Marx et al. reported deposition of C-peptide in the subendothelial space in carotid artery in diabetic subjects [15]. In some of the subjects, deposition of C-peptide was found in the media of the artery. In contrast to this, in nondiabetic patients deposition of C-peptide has not been found. All the 21 subjects involved in the study had deposition of C-peptide, with 77% of them also having infiltration of monocytes and just 57% infiltration of T lymphocytes [15]. Marx and colleagues used these results to propose the hypothesis that C-peptide may have chemotactic effects on the inflammatory cells and might have a role in atherosclerosis (Figure 1). In vitro migration assays performed in modified Boyden chambers reported that C-peptide induces migration of T lymphocytes and monocytes/macrophages in a concentration-dependent manner. These effects were similar to those induced with monocyte chemokine MCP-1 or T-lymphocyte chemokine RANTES [15, 29]. In addition, checkerboard analysis in the same study showed that C-peptide induces chemotaxis rather than chemokinesis [29]. Also there are no migratory effects of C-peptide on B cells or neutrophils [30]. C-peptide stimulates specific intracellular signalling pathways in different cell types [8, 9, 31], for example, Na+/K+ATP-ase [5, 32] ERK kinase, PI-3 Kinase [8, 29, 32, 33], and AKT [8, 32, 33]. In T lymphocyte or in monocytes, C-peptide mediates its chemotactic activity through an as-of-yet- unidentified pertussis toxin sensitive G-protein-coupled receptor with subsequent downstream activation of PI3-kinase γ. Our experiments demonstrated that a specific inhibitor of Src-kinase, PP2, in addition to transfection of Src siRNA, abolished C-peptide-induced T lymphocyte migration, suggesting that C-peptide also signals through this pathway. Besides, experiments showed that PI-3 kinase activation leads to the involvement of small Rho-GTPases, like RhoA, Rac-1, and Cdc42 in these cells. Furthermore in CD4-positive lymphocytes, C-peptide stimulates phosphorylation of PAK (p21-activated kinase), LIMK (LIM domain-containing protein kinase), and cofilin downstream of Rac-1 and Cdc42, leading to cofilin inactivation and actin filament stabilization. Alternatively, C-peptide activates ROCK (Rho kinase) and MLC (myosin light chain) phosphorylation downstream of RhoA, thereby stimulating myosin-mediated cell contraction [30]. These data supported an active role of C-peptide in chemotaxis of inflammatory cells.

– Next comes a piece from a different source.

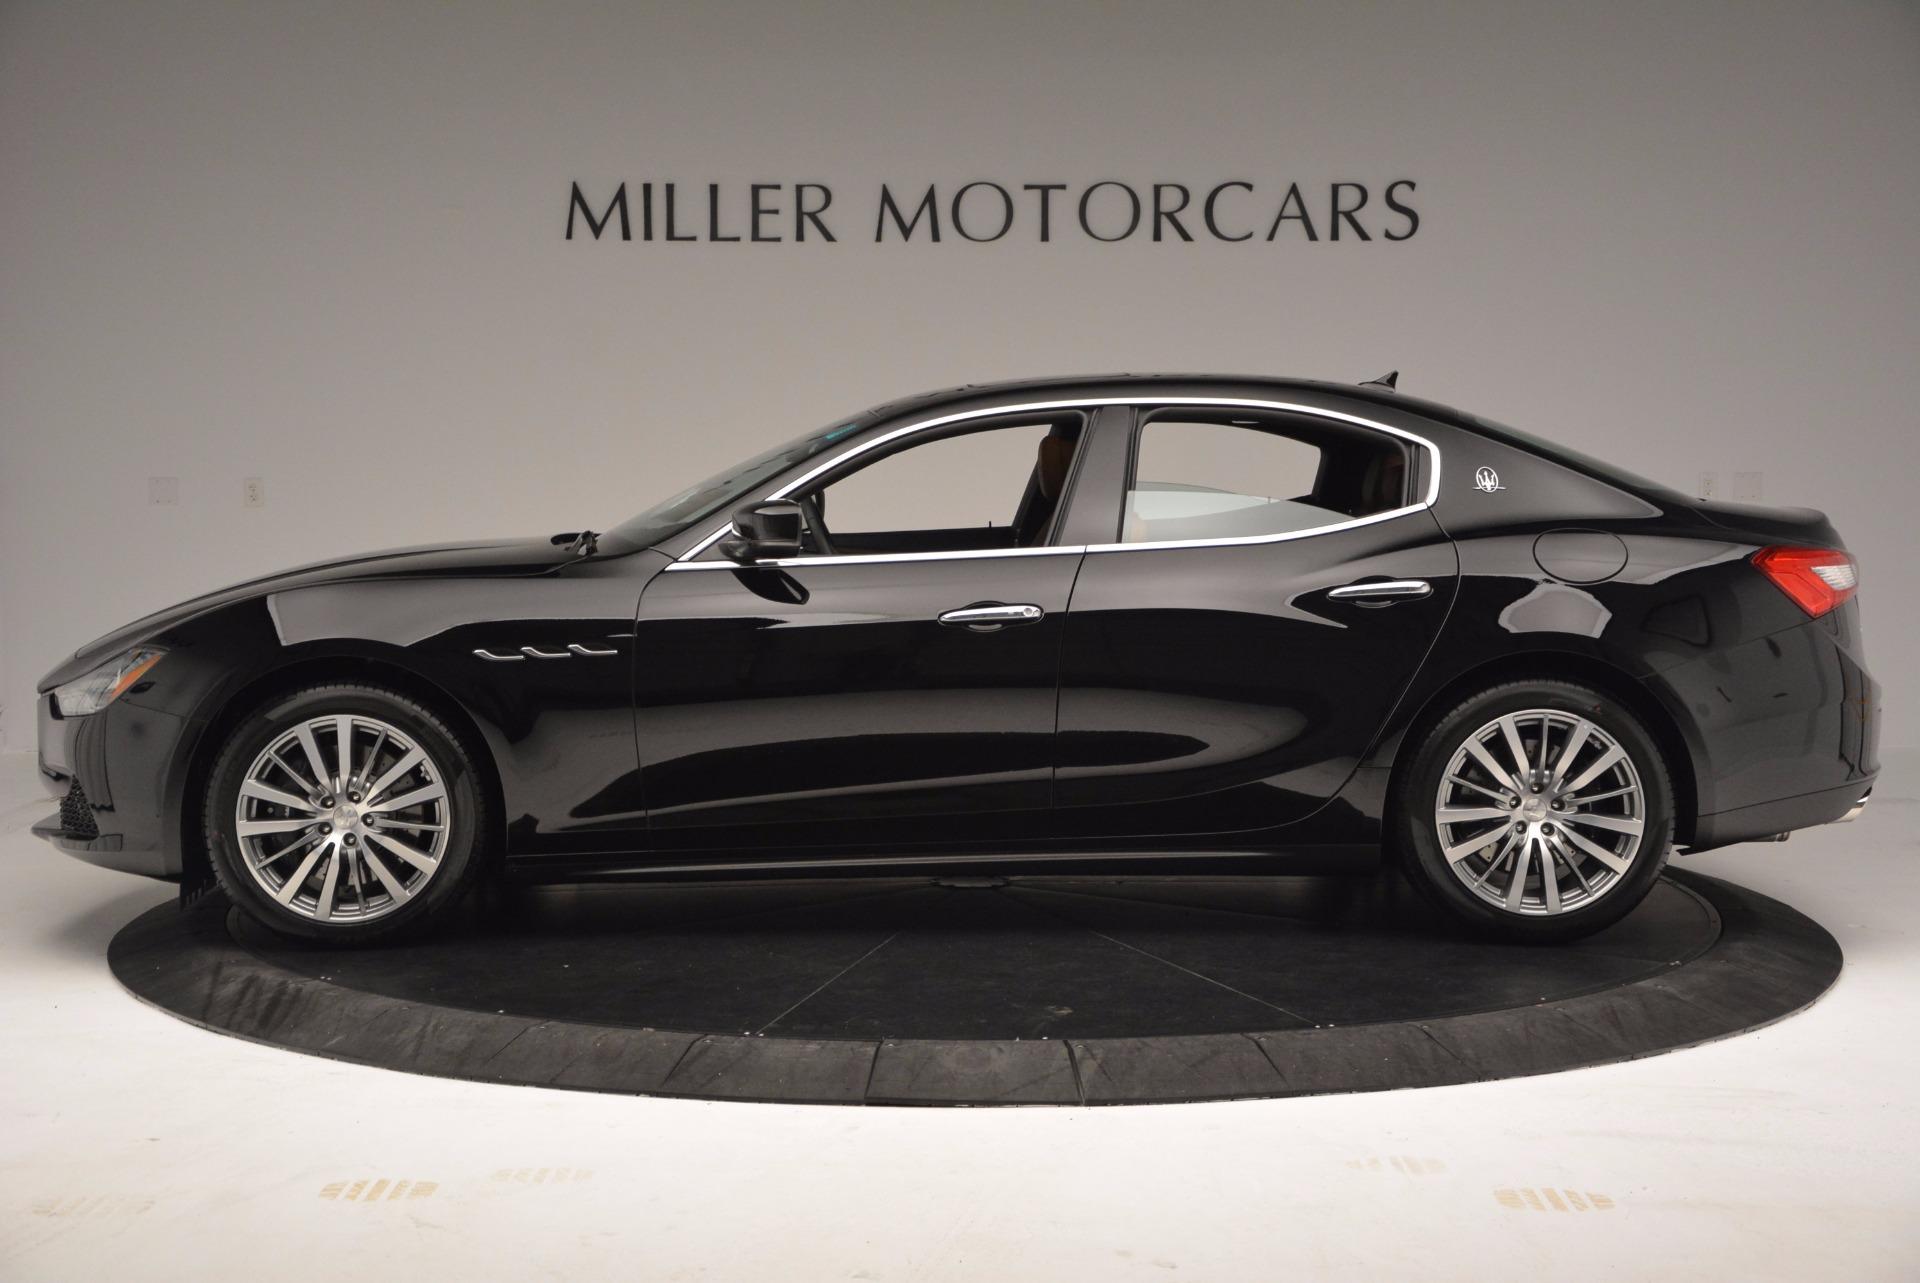 New 2017 Maserati Ghibli S Q4 EX-LOANER For Sale In Greenwich, CT 1115_p3

C-peptide has an effect on increased microvascular blood flow in patients with type 1 diabetes [34]. Some studies suggest direct role of endogenous insulin and C-peptide in amelioration of endothelial dysfunction [35]. Additionally, C-peptide increases nitric oxide (NO) production through ERK-dependent upregulation of endothelial nitric oxide synthase (eNOS) gene transcription [36].

In addition, C-peptide positively influences the expression of CD34 scavenger receptor in human THP-1 monocytes. These data suggest that C-peptide may also promote the differentiation of monocyte/macrophages towards foam cells, thus representing another potential proatherogenic effect of C-peptide [37].

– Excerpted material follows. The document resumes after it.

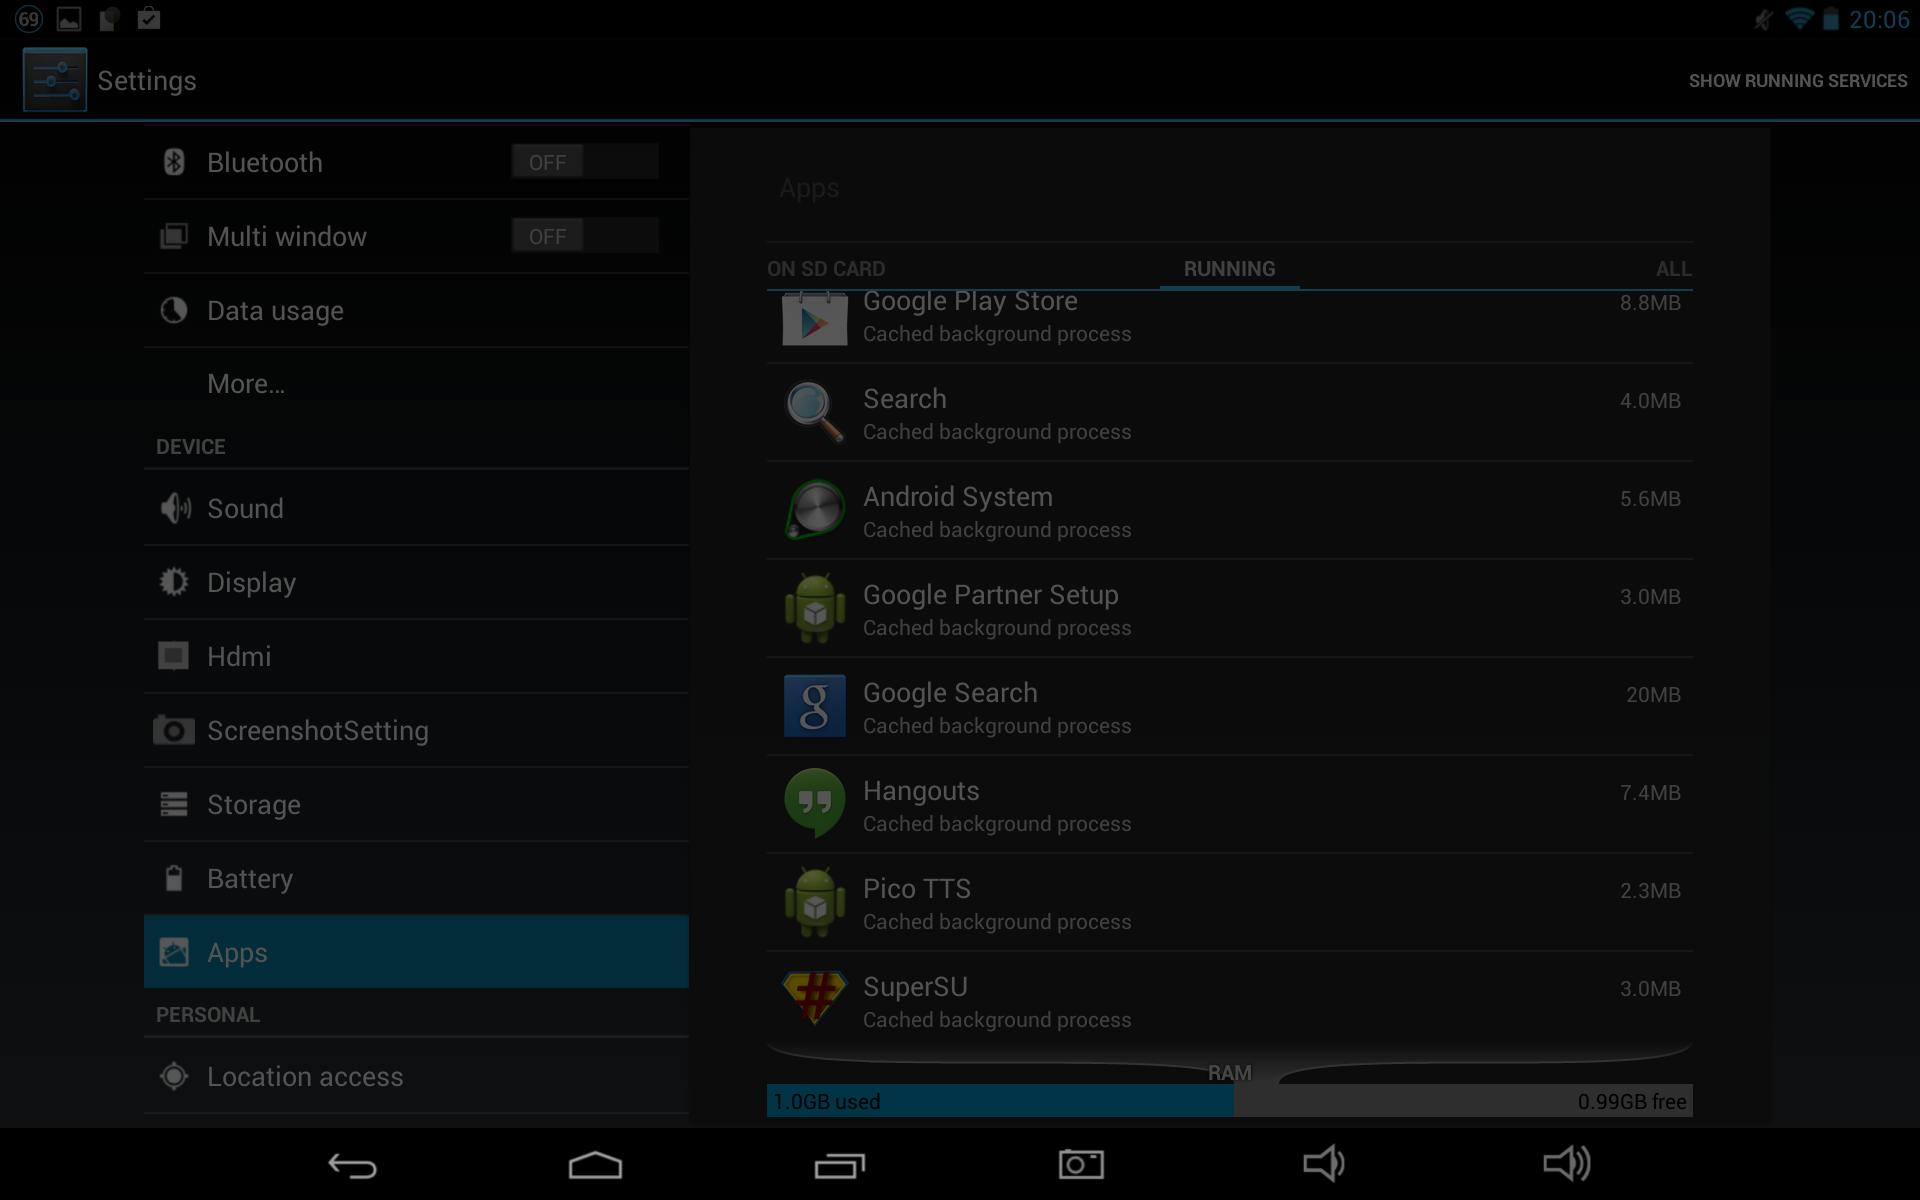 Screenshot_2013-10-08-20-06-17.png

Further effects of C-peptide have been investigated on the smooth muscle cells, which are important for the development of atherosclerosis. Stimulation with C-peptide induced proliferation of smooth muscle cells in concentration-dependent manner. Walcher and colleagues showed significantly higher production of KI-67 nuclear protein and 3[H]-thymidine incorporation in vascular cells stimulated with C-peptide. This proliferation was similar to those induced by platelet-derived growth factor (PDGF) [33]. Additionally, C-peptide stimulation induces phosphorylation of protein tyrosine kinase Src and PI-3 kinase, which leads to downstream stimulation of MAP ERK1/2 [33]. It is already demonstrated that activation of ERK1/2 is a crucial step in cell proliferation and differentiation [38]. The downstream control of VSMC proliferation by extracellular stimuli takes place in mid- to late G1 phase of the cell cycle, where D-type cyclins promote G1- to S-phase transition by leading to Rb phosphorylation [39, 40]. Our data showed an increase in cyclin D1 expression, whereas Rb phosphorylation suggested that C-peptide acts via similar signalling pathways [33].

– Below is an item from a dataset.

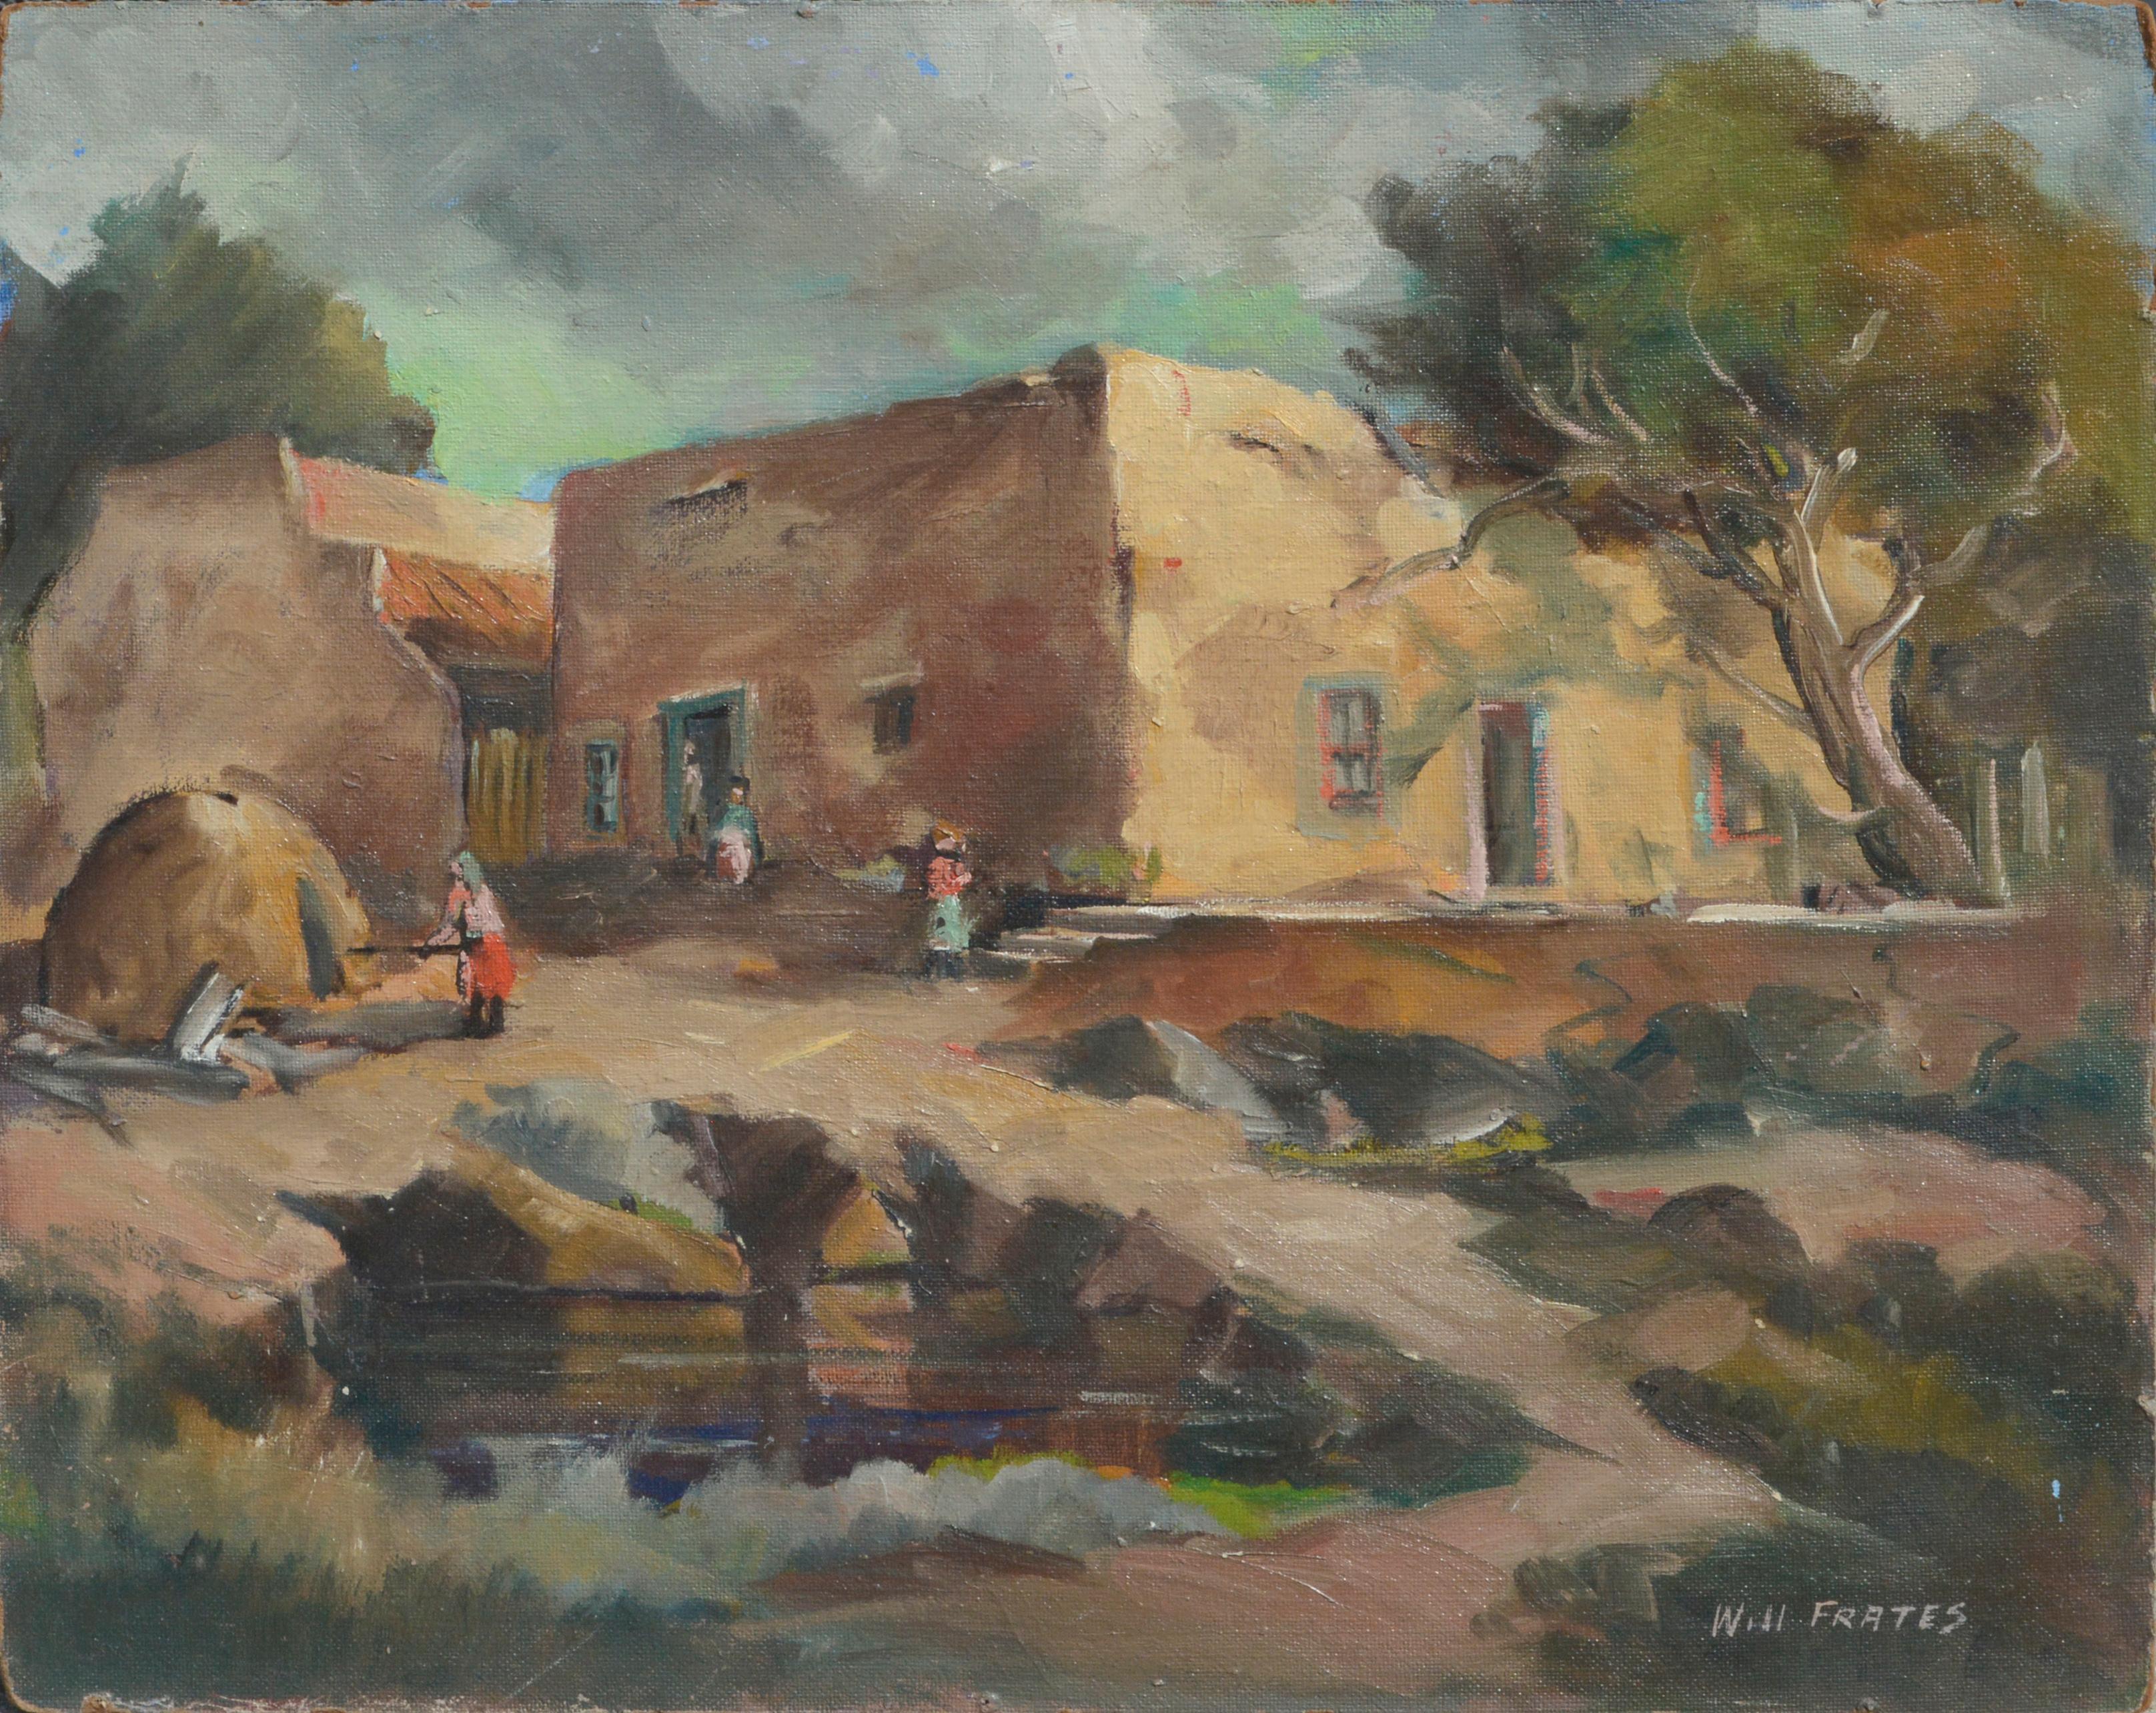 Mid Century Pueblo Village New Mexico - Southwestern Figurative Landscape

C-peptide mitogenic effects have been detected in other cell types, like endothelial cells, HEK293 cells, and chondrocytes. When endothelial cells were exposed to C-peptide, a significant increase in cell number of 40% was observed [41] (Figure 1). Another group has found that C-peptide stimulates rRNA synthesis, suggesting that the peptide can have proliferative effects and induces expression of 47S in HCS-2/8 chondrocytes derived from a human chondrosarcoma. After 72 hours of exposure to C-peptide, cell counting under a phase contrast microscope and measurement with a cell proliferation kit and BrdUrd staining established that C-peptide exerts proliferative effects on chondrocytes [42].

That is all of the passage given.